You’re going to see these cars as the heroes. You’re not going to see the other actors. These cars are the stars, literally, in the movie.

— Dino Bernacchi, GM’s associate director of branded entertainment (“GM hopes movie will transform sales,” AP 2 July 2007)

Why are we fighting to save the humans? They are a primitive and violent race.

— Optimus Prime (Peter Cullen)

You’d expect a summer action movie directed by Michael Bay, CGIed out the whazoo by Industrial Light and Magic, and based on toy cars to bring the noise. And indeed, Transformers does exactly that. Big and boomy, it filters faux nostalgia, fiery explosions, and irksome stereotypes to achieve completely seasonal combustion.
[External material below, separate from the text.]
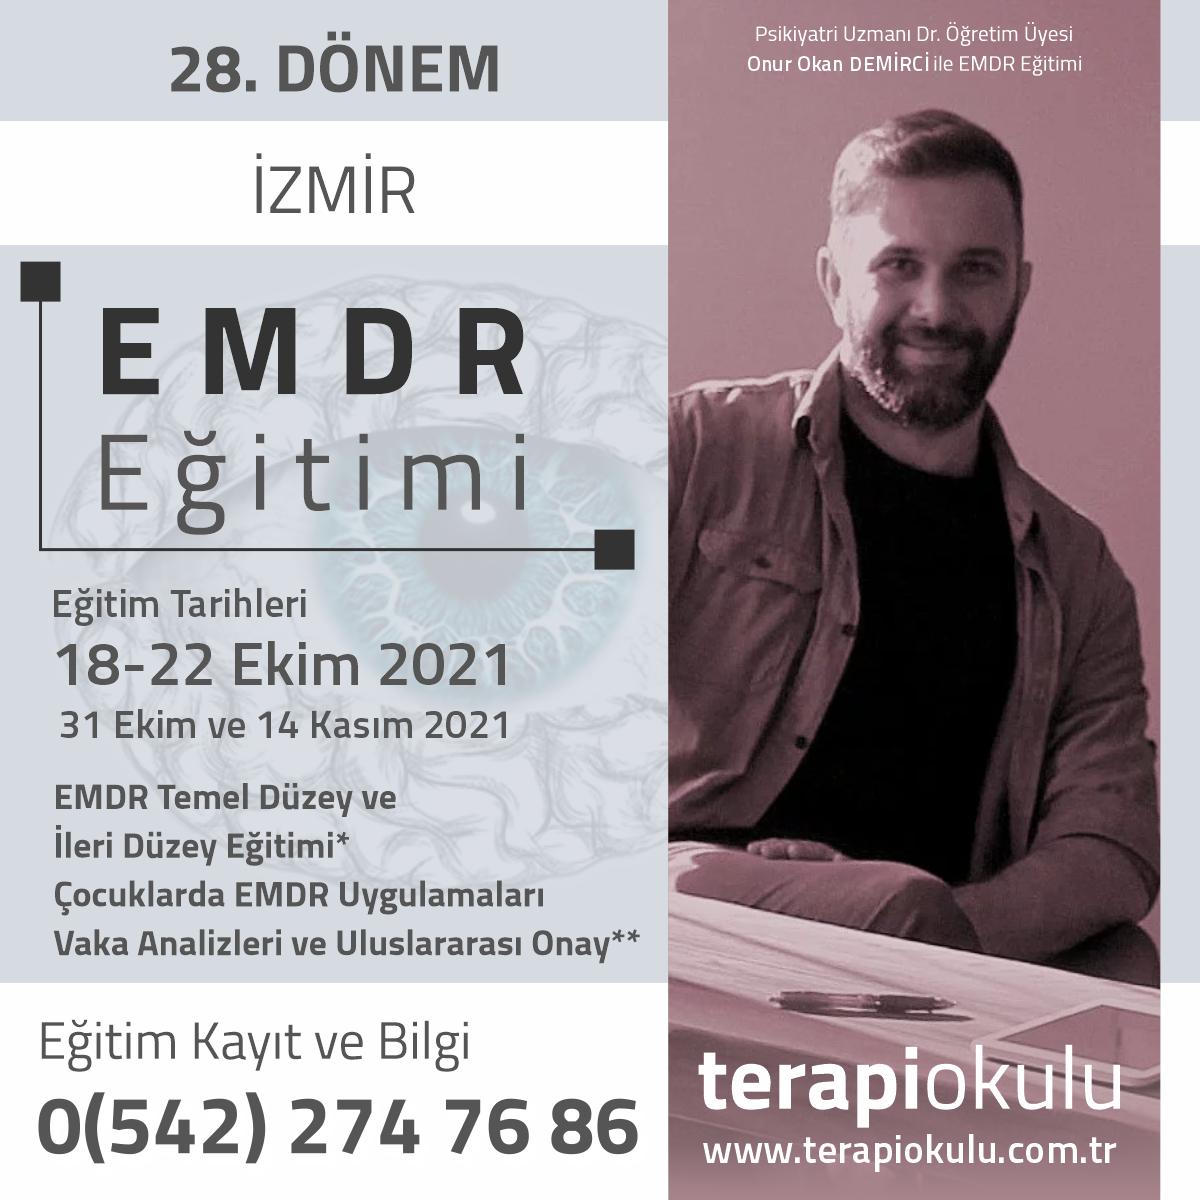 EMDR Eğitimi İzmir 28

The point here is excess. For 144 minutes, the film pummels and pounds, delivering explosions, combat troops, speeding vehicles, computer codes, giant robots — and more explosions. By the time it reaches its final extended fight scene, Transformers‘ multiple climaxes have overwhelmed any preceding storyline, leaving viewers awash in sound and visual effects, so much crashing, shooting, roaring and flaming that it’s hard to know who ends up where or why any of it matters.

The movie begins with a brief gesture toward plot, when an opening voiceover offers cursory backstory: some time ago, the good Autobots and the bad Decepticons fought over a “cube” that has the power to “create worlds and populate them with life,” and in the process, destroyed their own planet. Just how the robots have selected earth as a destination is unclear, but they do arrive in time to disrupt a seemingly ongoing war in the Middle East (at least US Air Force troops are stationed there, specifically, near Qatar). A Decepticon disguised as a helicopter assaults a unit that includes the very buff Sgt. Epps (Tyrese Gibson), the stalwart Captain Lennox (Josh Duhamel), and the chatty ACWO (Aircraft Control and Warning Officer) Figueroa (Amaury Nolasco). As Lennox looks forward to holding his new baby for the first time and “Fig” is taunted by buddies for his use of Spanish and “magic voodoo powers,” the robot descends with a fiery fury, blowing up buildings and vehicles and menacing a cute little Arab boy, whom the troops make it their business to rescue (yay Team USA!). The men launch instantly into raucous action mode, making clear their knack for killing large mechanical objects.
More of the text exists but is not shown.